Pictures aside, can you reproduce the records word for word?

═════ Exercise material

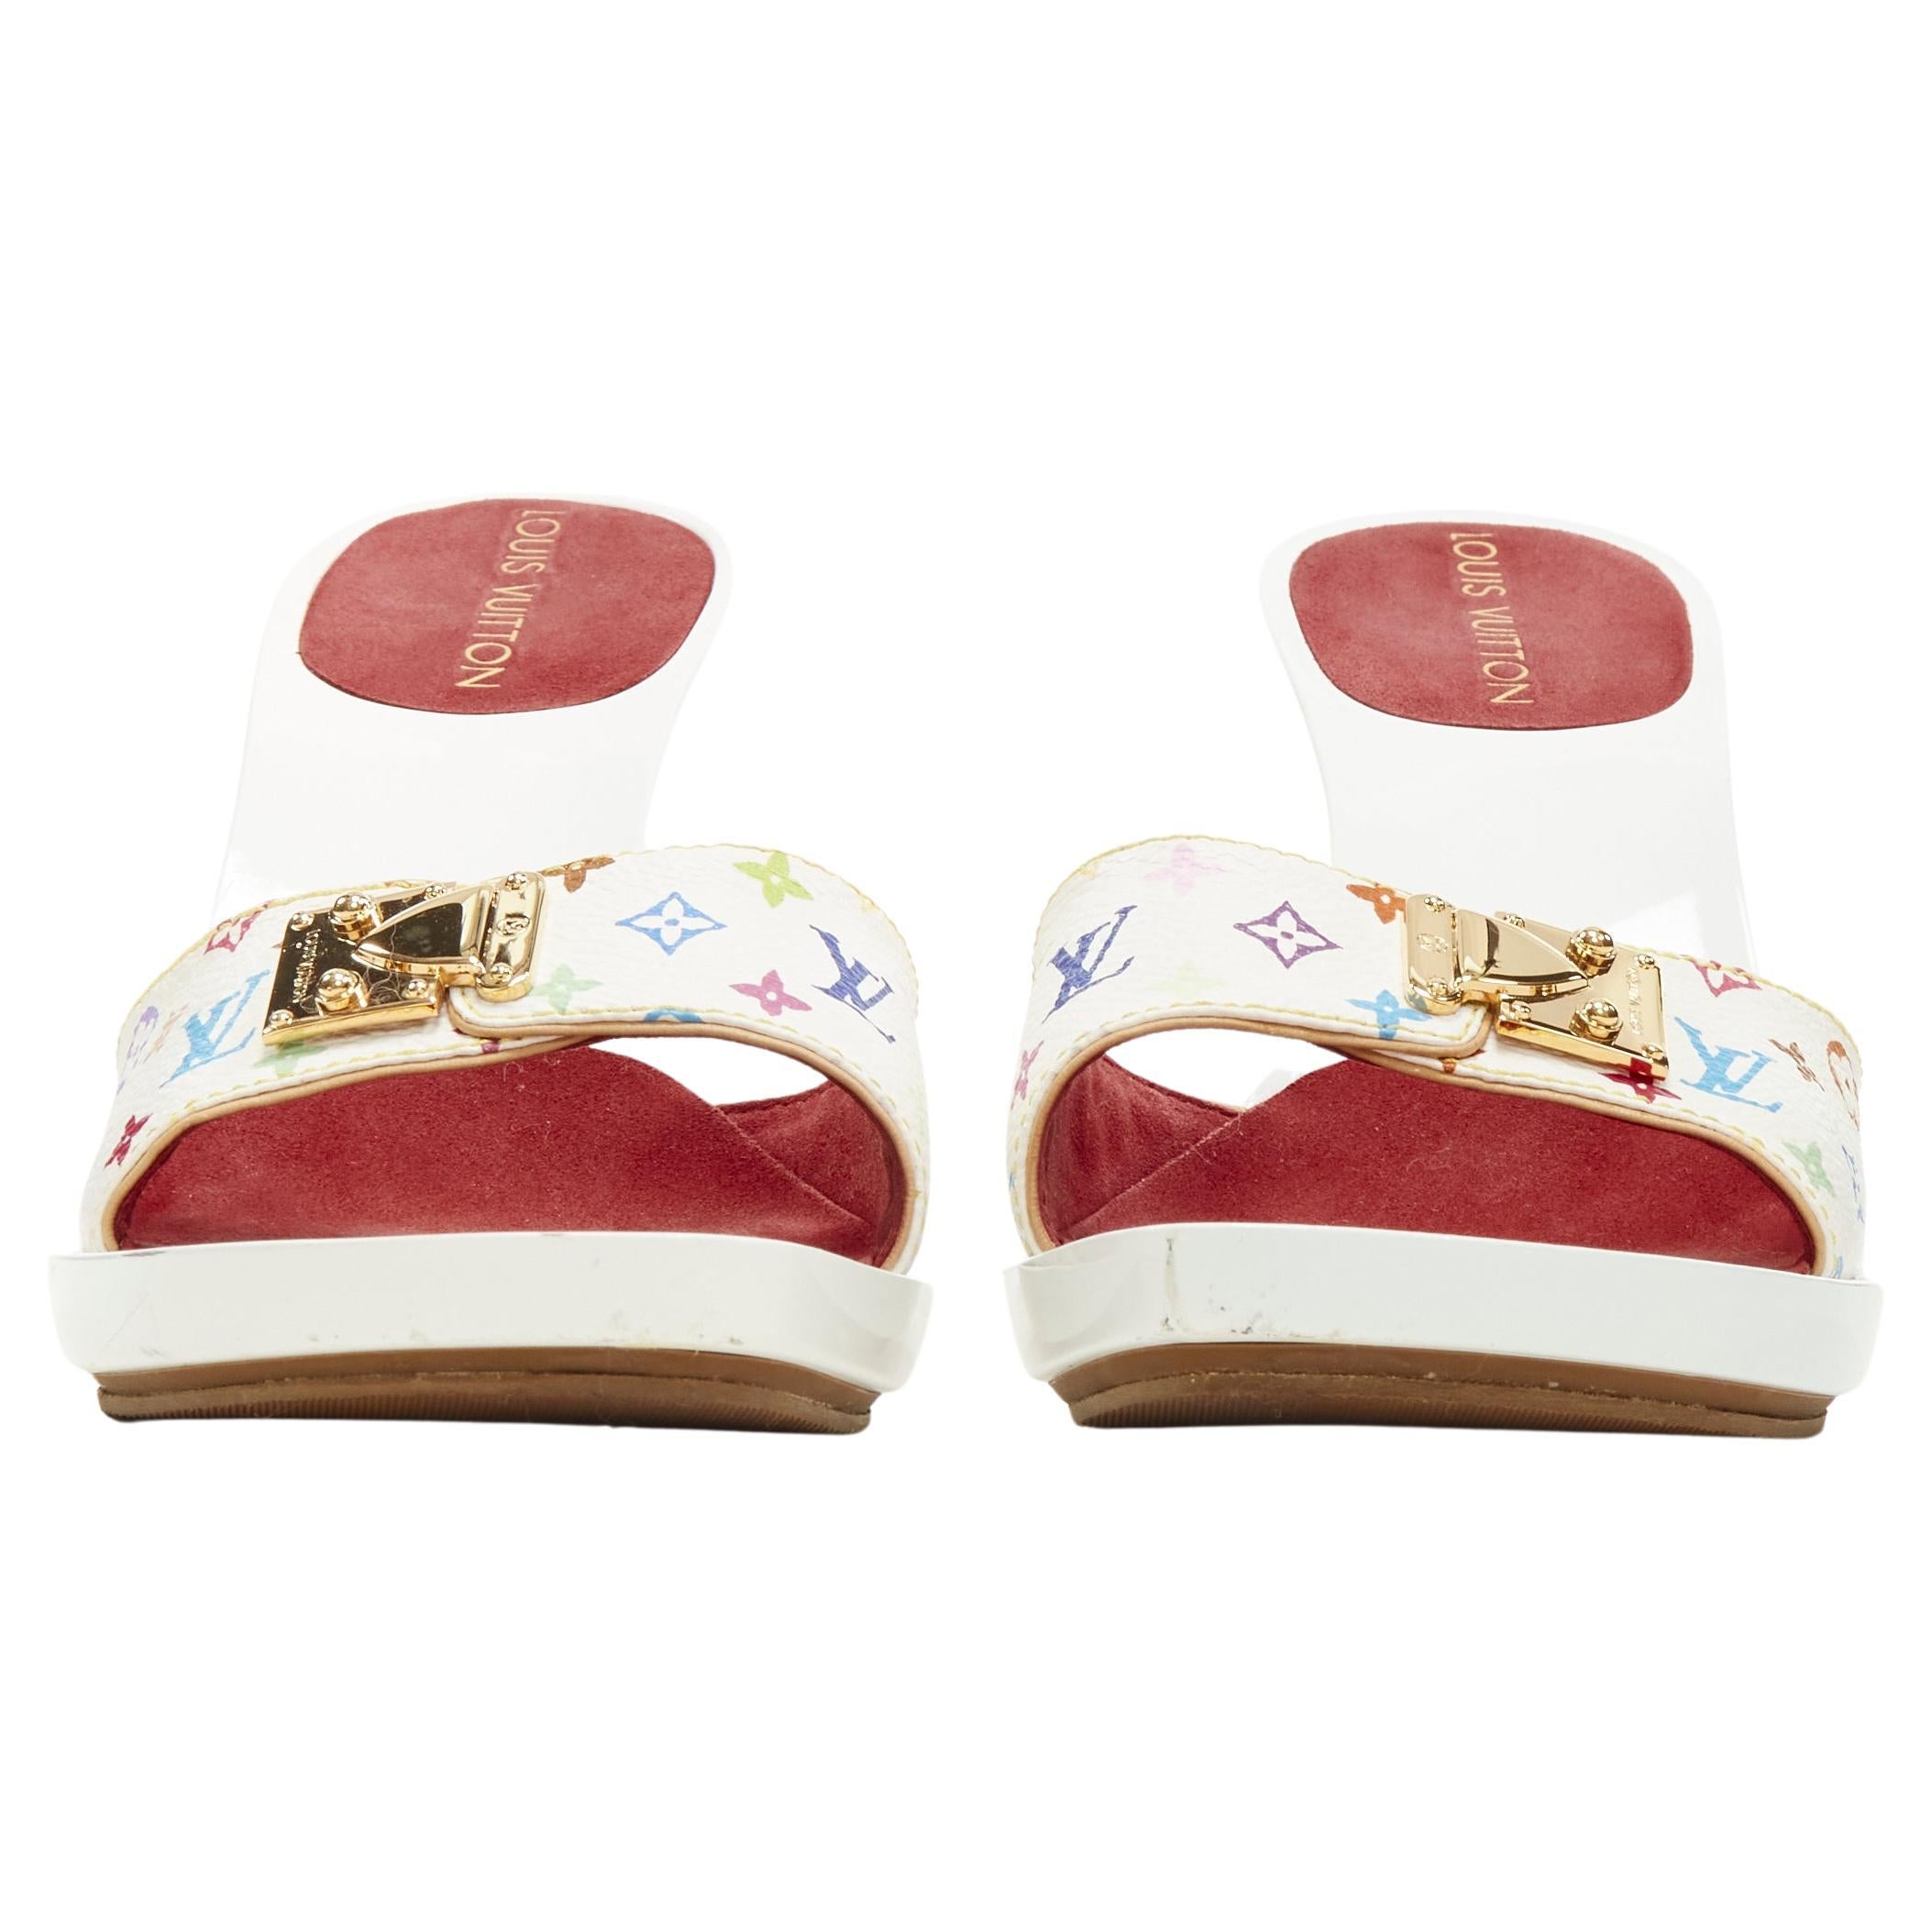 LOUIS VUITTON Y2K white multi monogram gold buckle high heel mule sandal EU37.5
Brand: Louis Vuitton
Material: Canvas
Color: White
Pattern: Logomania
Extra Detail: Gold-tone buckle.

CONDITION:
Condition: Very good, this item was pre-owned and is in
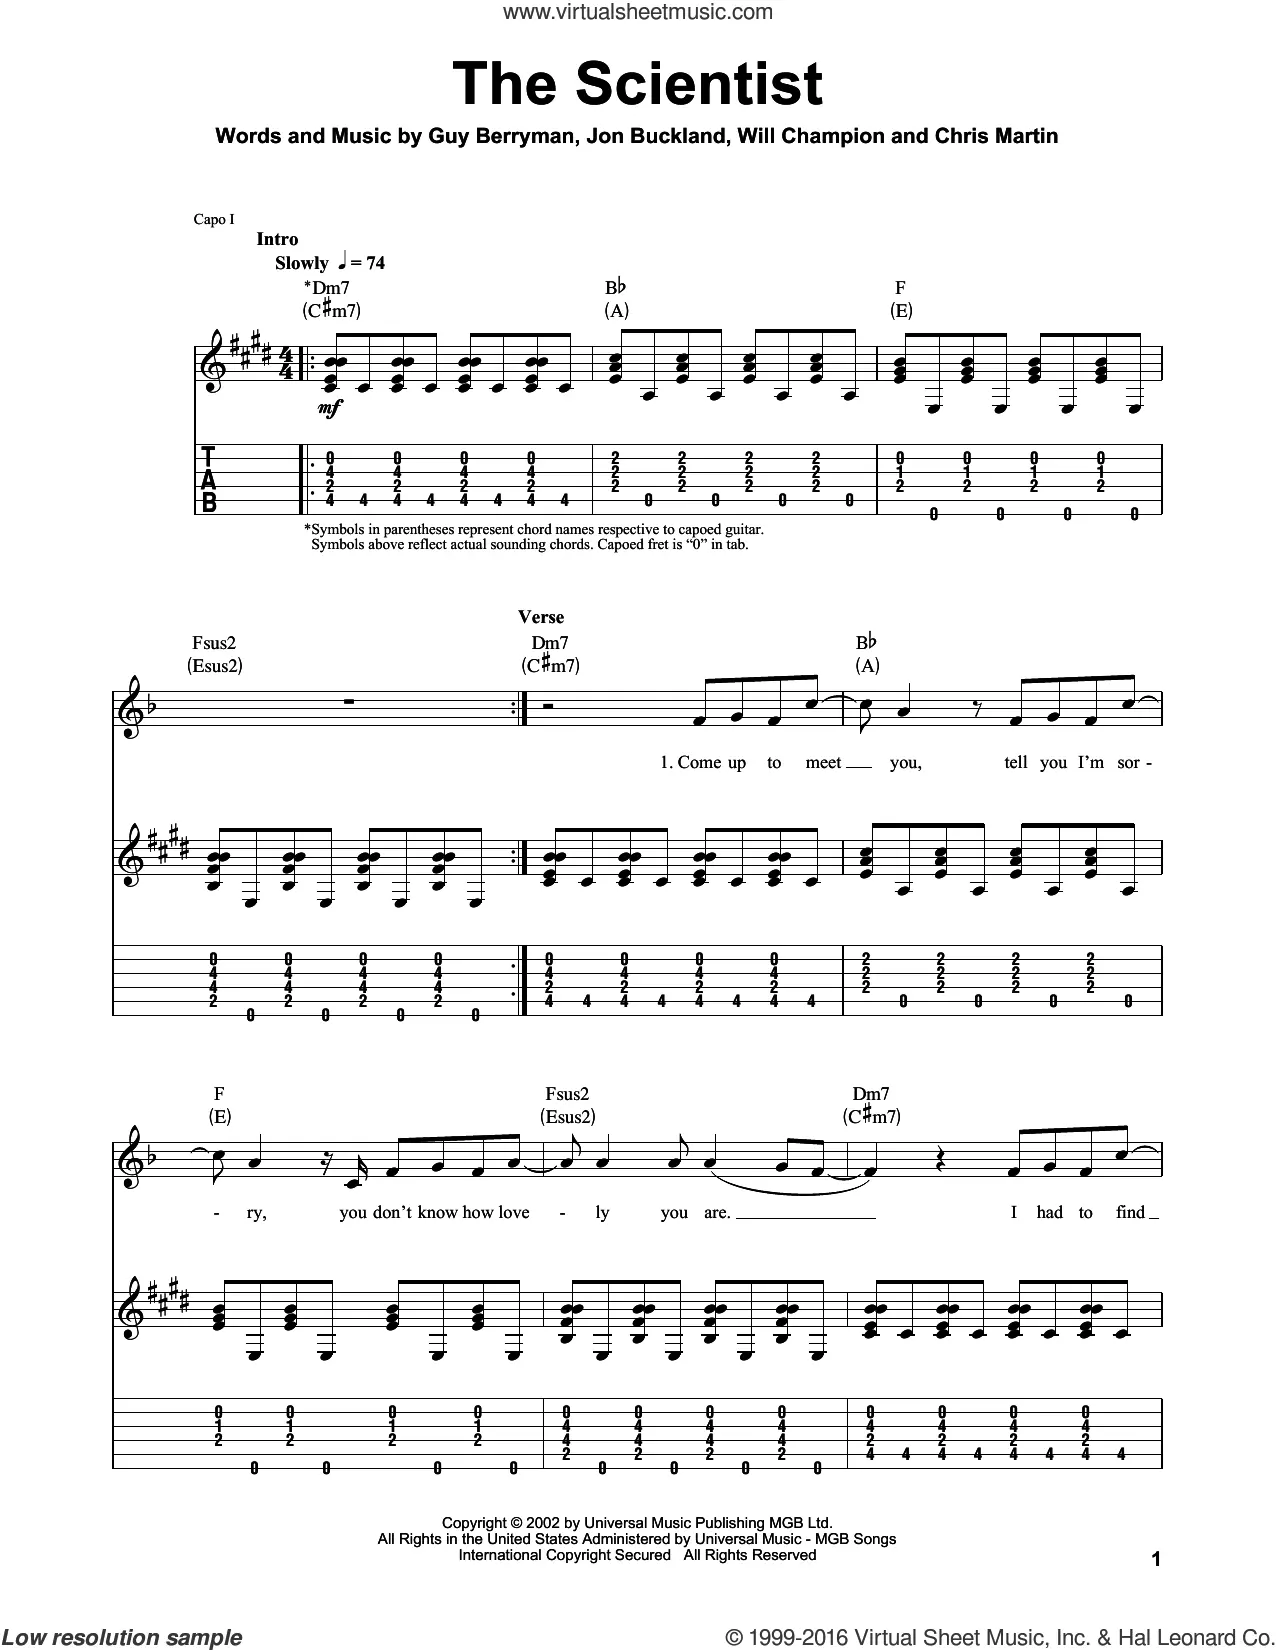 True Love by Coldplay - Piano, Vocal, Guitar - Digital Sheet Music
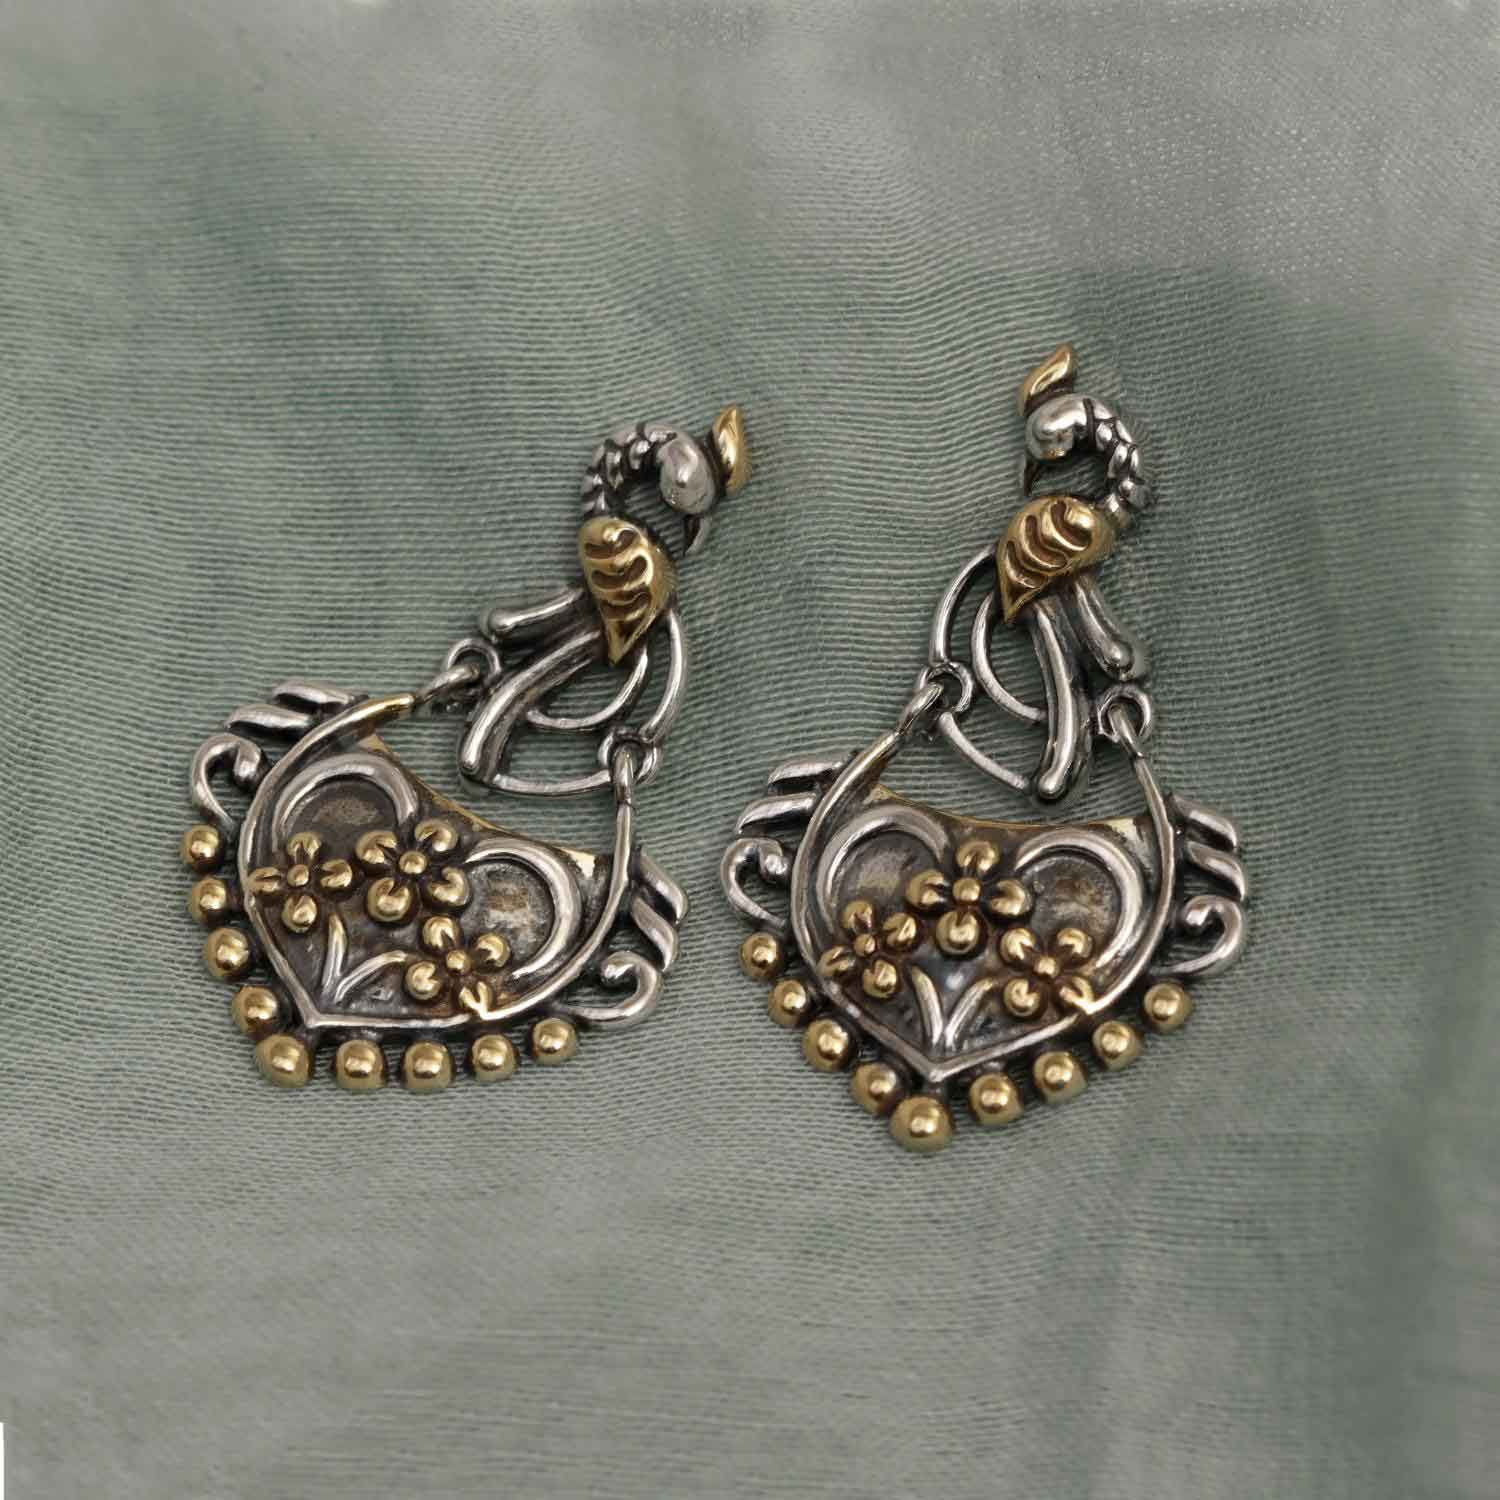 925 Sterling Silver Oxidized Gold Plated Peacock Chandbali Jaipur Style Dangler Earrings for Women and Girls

══════════

## Answer to this task
 LOUIS VUITTON Y2K white multi monogram gold buckle high heel mule sandal EU37.5
Brand: Louis Vuitton
Material: Canvas
Color: White
Pattern: Logomania
Extra Detail: Gold-tone buckle.

CONDITION:
Condition: Very good, this item was pre-owned and is in
 True Love by Coldplay - Piano, Vocal, Guitar - Digital Sheet Music
 925 Sterling Silver Oxidized Gold Plated Peacock Chandbali Jaipur Style Dangler Earrings for Women and Girls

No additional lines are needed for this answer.